If a m=74.7 kg person were traveling at v=0.990c, where c is the speed of light, what would be the ratio of the person's relativistic kinetic energy to the person's classical kinetic energy? What is the ratio of the person's relativistic momentum to the person's classical momentum?

ratio of the person's relativistic kinetic energy is 2.486

the ratio of the person's relativistic momentum is 1.8983

Explanation:

Given data

m=74.7 kg

v=0.990 c

c = speed of light

to find out

ratio of the person's relativistic kinetic energy and ratio of the person's relativistic momentum

solution

we will apply here relativistic constant equation that is

relativistic constant = 1 / √ (1-v²/c²)

put here all value

relativistic constant = 1 / √ (1 - (0.850c) ²/c²)
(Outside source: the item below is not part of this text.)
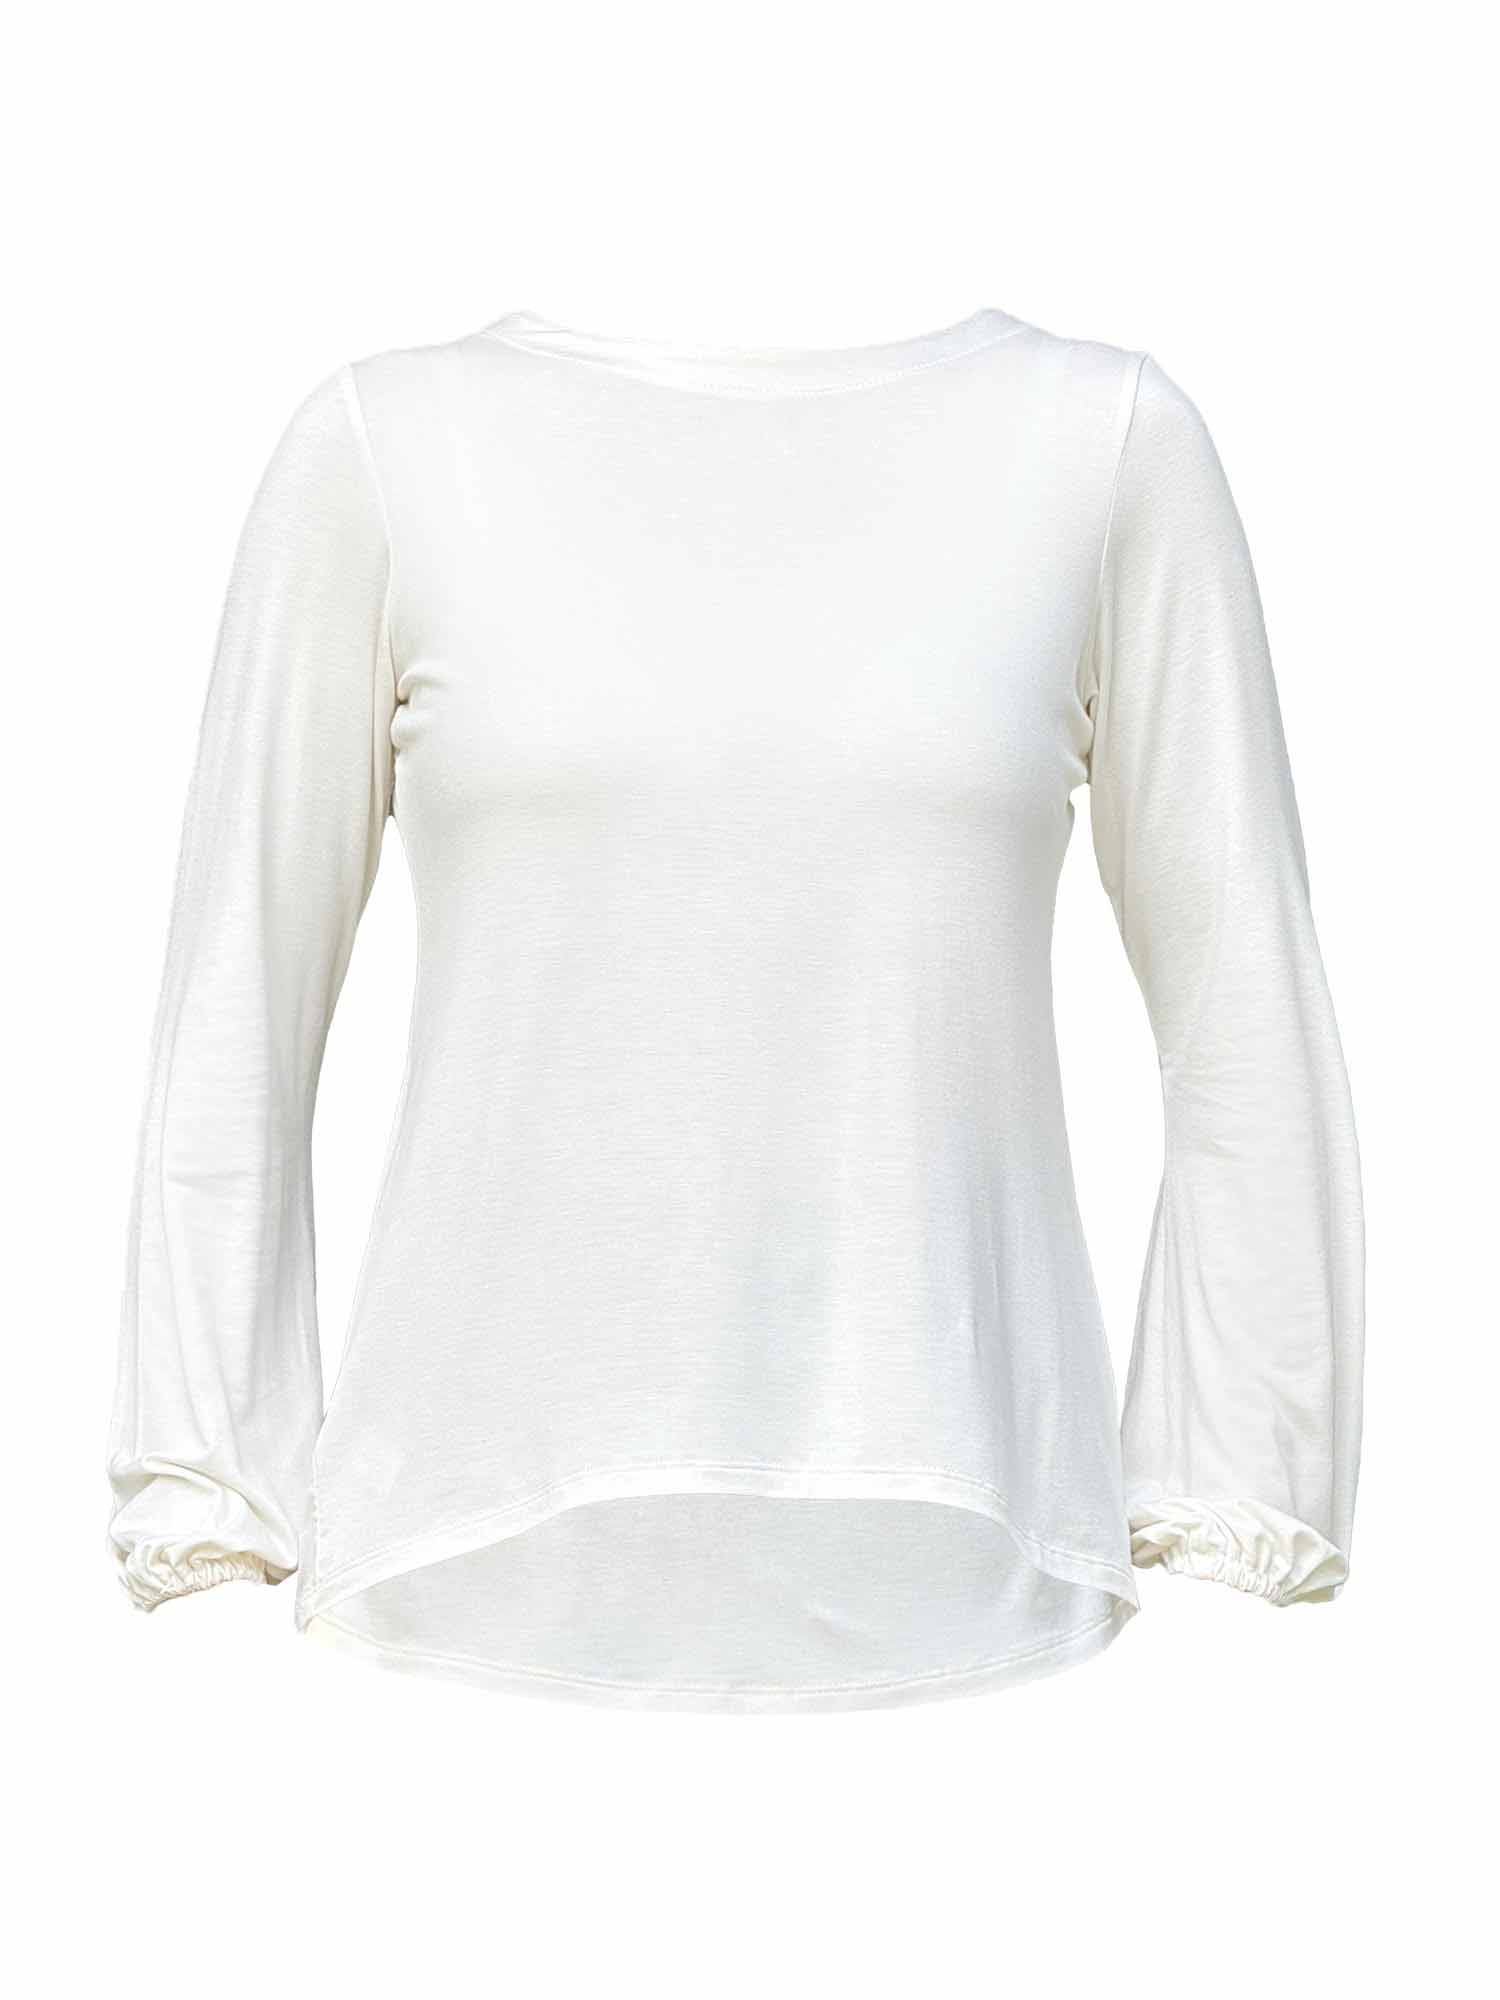 CONNEC Women's Fishing Long Sleeve T-Shirt Multi (Size: XL)

relativistic constant = 1.8983

so

relativistic kinetic energy = (relativistic constant - 1) mc²

and we know person kinetic energy = 1/2 mv²

so ration are = (relativistic constant - 1) mc² / 1/2 mv²

ratio = 2 (1.8983 - 1) c² / (0.850c) ²

ratio = 2.486

so ratio of the person's relativistic kinetic energy is 2.486

and

relativistic momentum = relativistic constant mv

and momentum = mv

so ration are = relativistic constant mv / mv

ratio = relativistic constant

ratio = 1.8983

so the ratio of the person's relativistic momentum is 1.8983